#### Assignment
The answer must be only the lines below from the one holding "Lord Provost of" down to the one holding "SPACEONE x Andy", ends included, printed exactly; please omit all pictures.

#### Material for this task
Segment Open

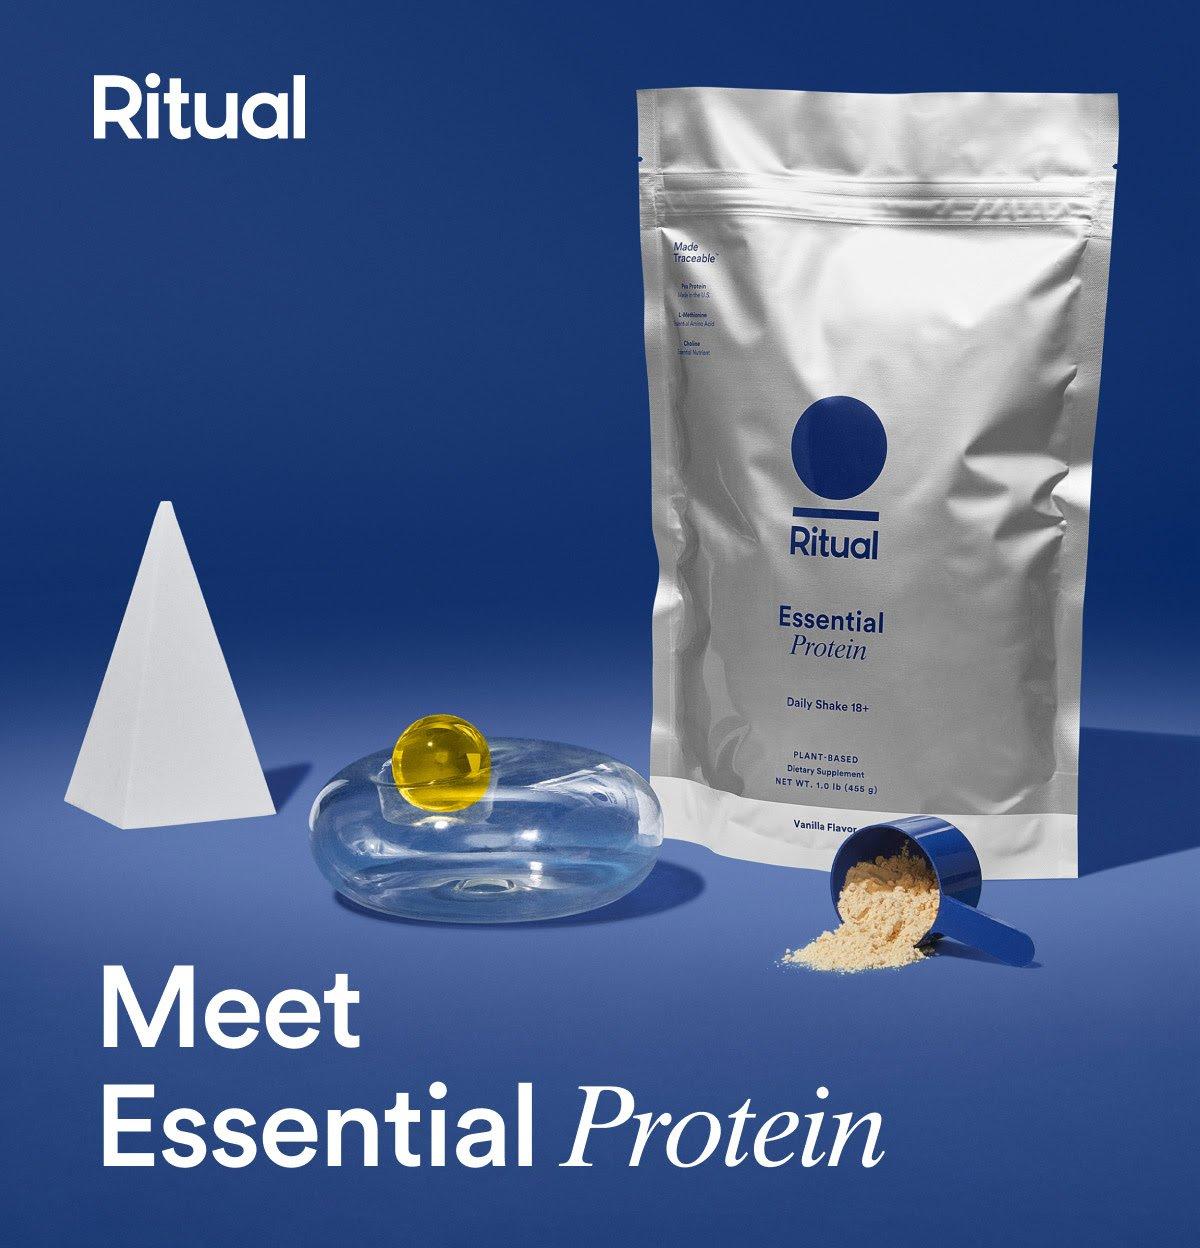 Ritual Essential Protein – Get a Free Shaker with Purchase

Segment Closed
Segment Open

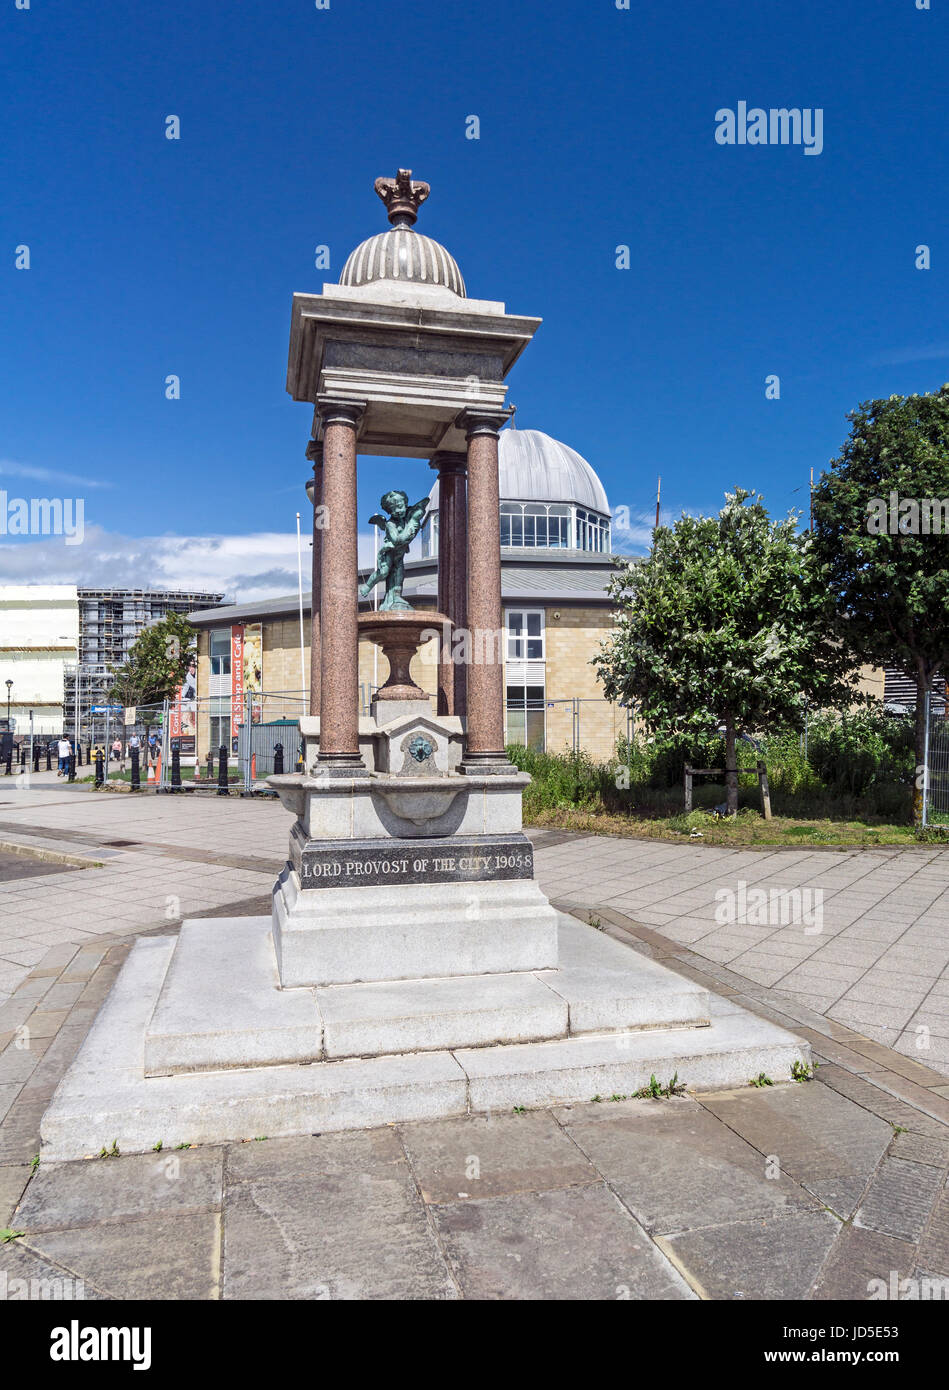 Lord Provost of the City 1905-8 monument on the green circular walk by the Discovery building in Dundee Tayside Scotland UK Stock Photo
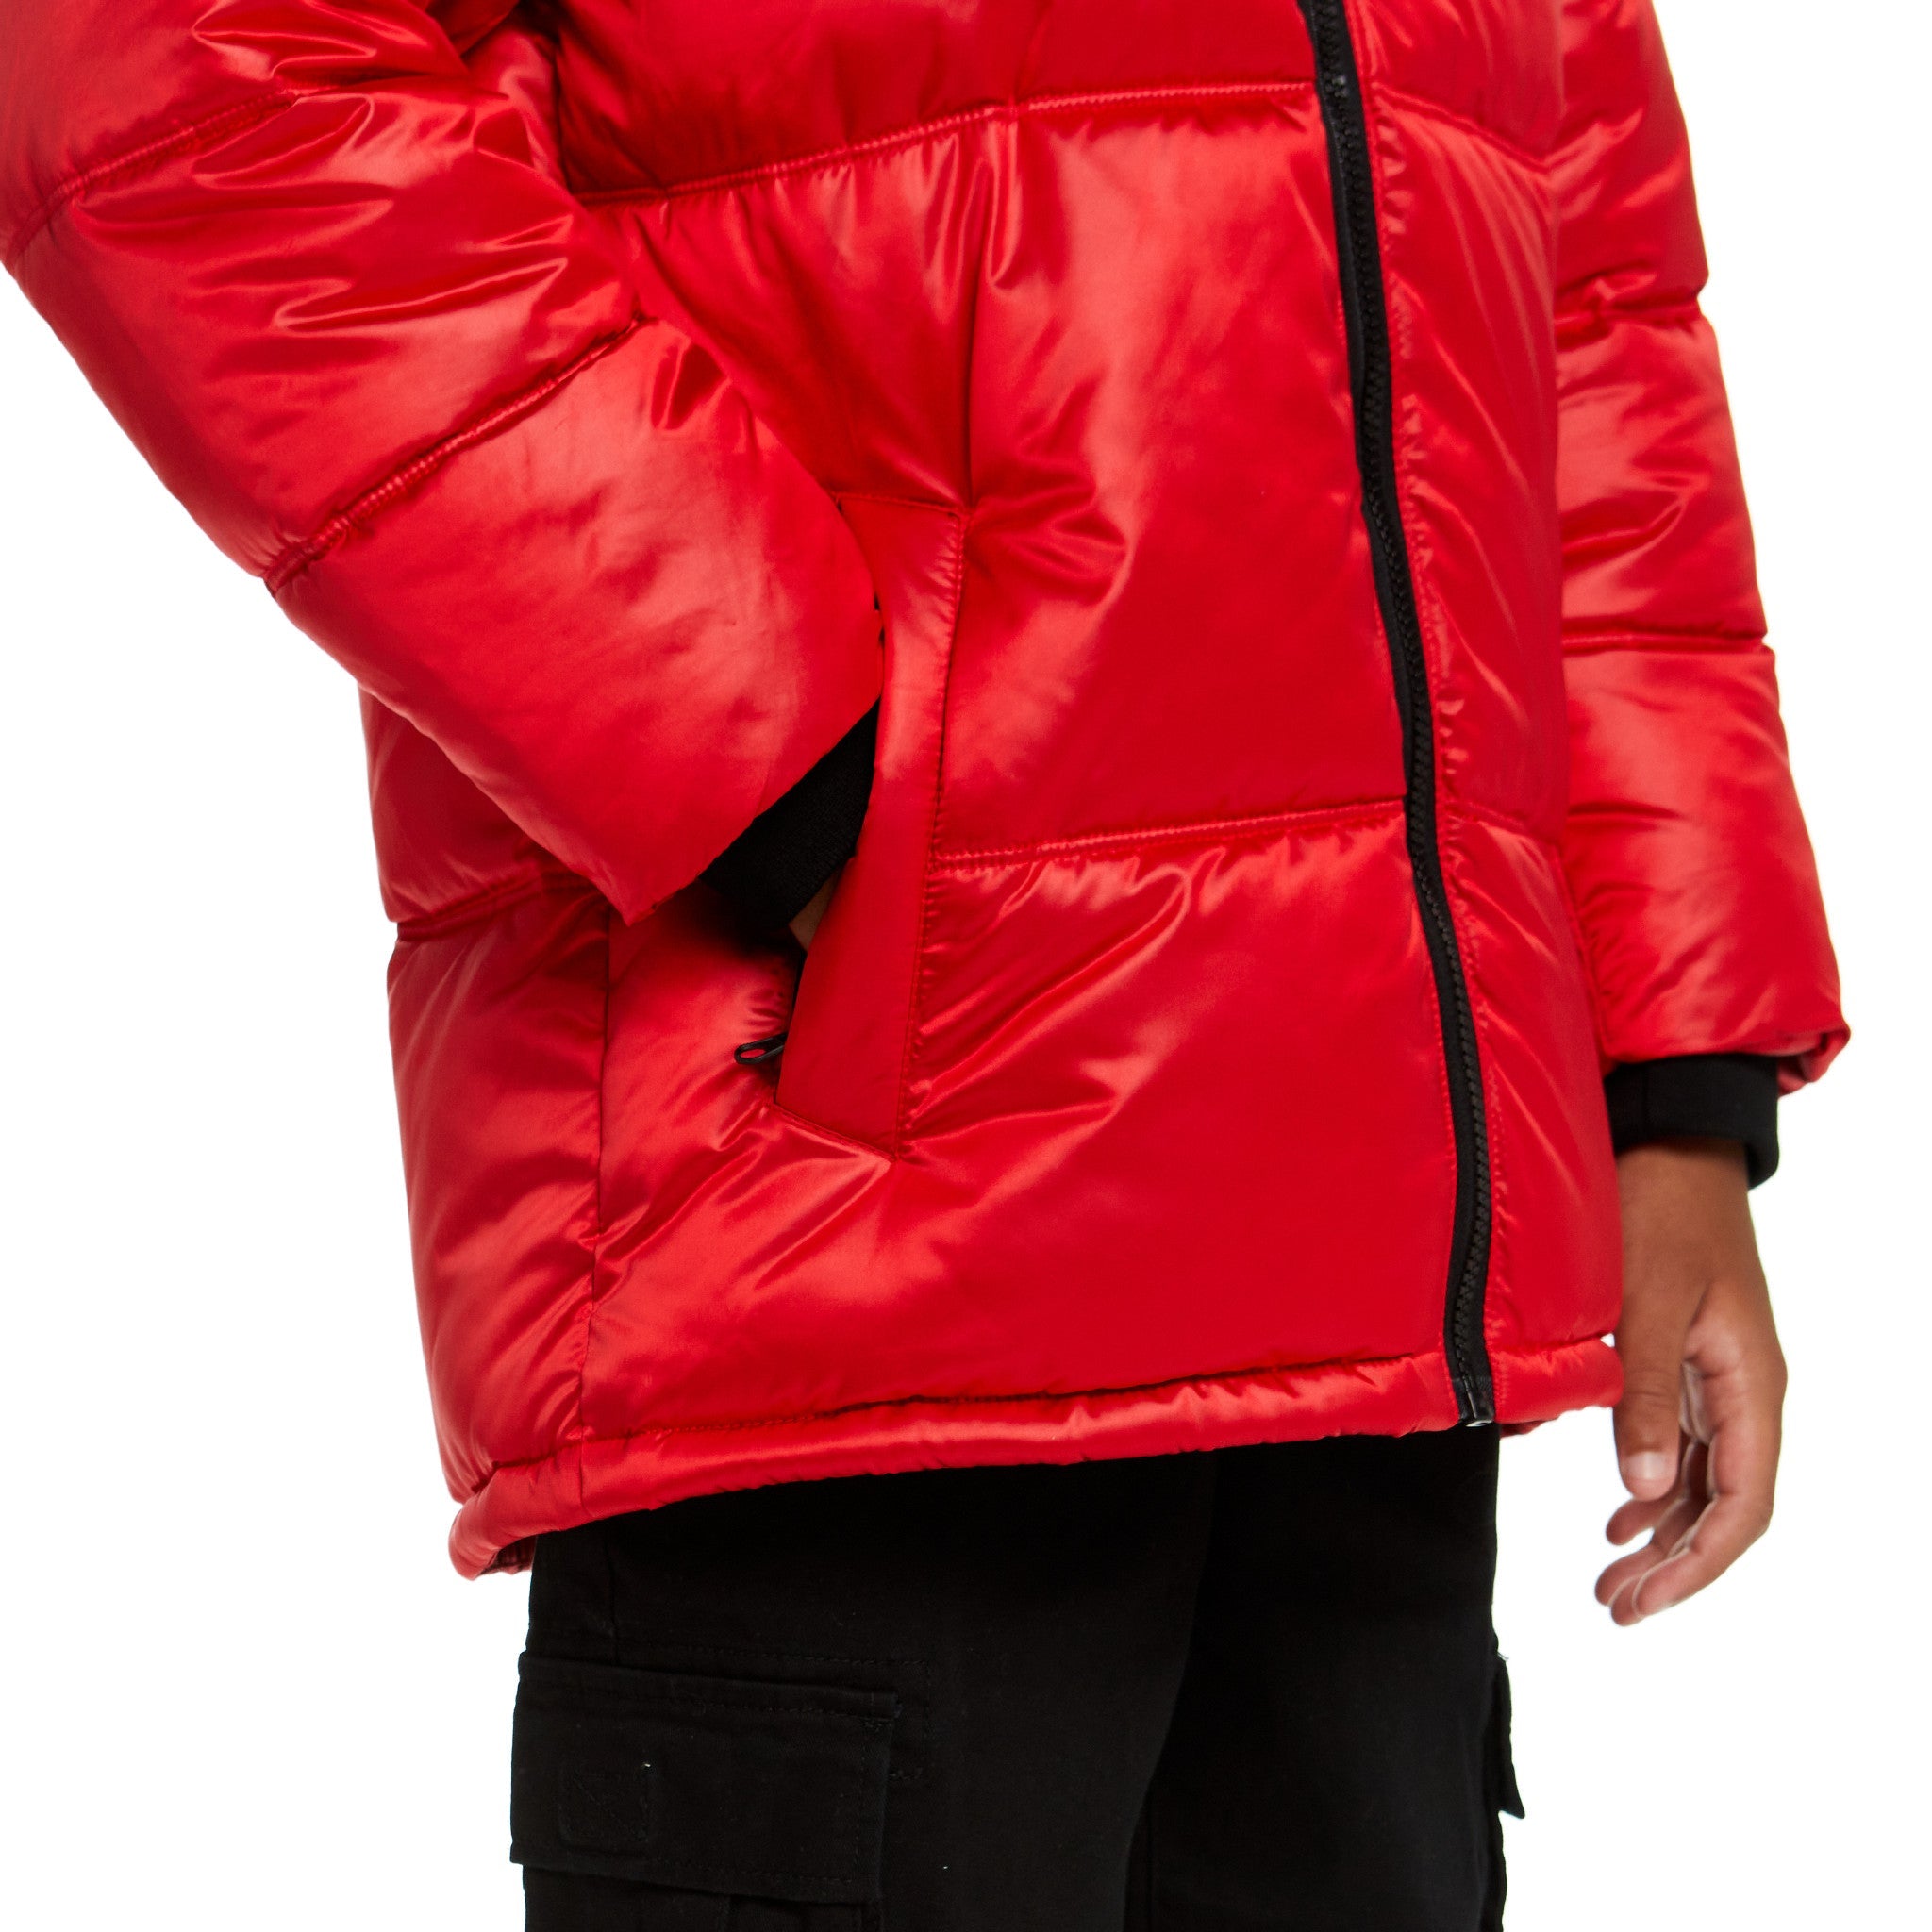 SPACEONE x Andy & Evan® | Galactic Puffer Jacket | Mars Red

Segment Closed

#### Exercise solution
 Lord Provost of the City 1905-8 monument on the green circular walk by the Discovery building in Dundee Tayside Scotland UK Stock Photo
 SPACEONE x Andy & Evan® | Galactic Puffer Jacket | Mars Red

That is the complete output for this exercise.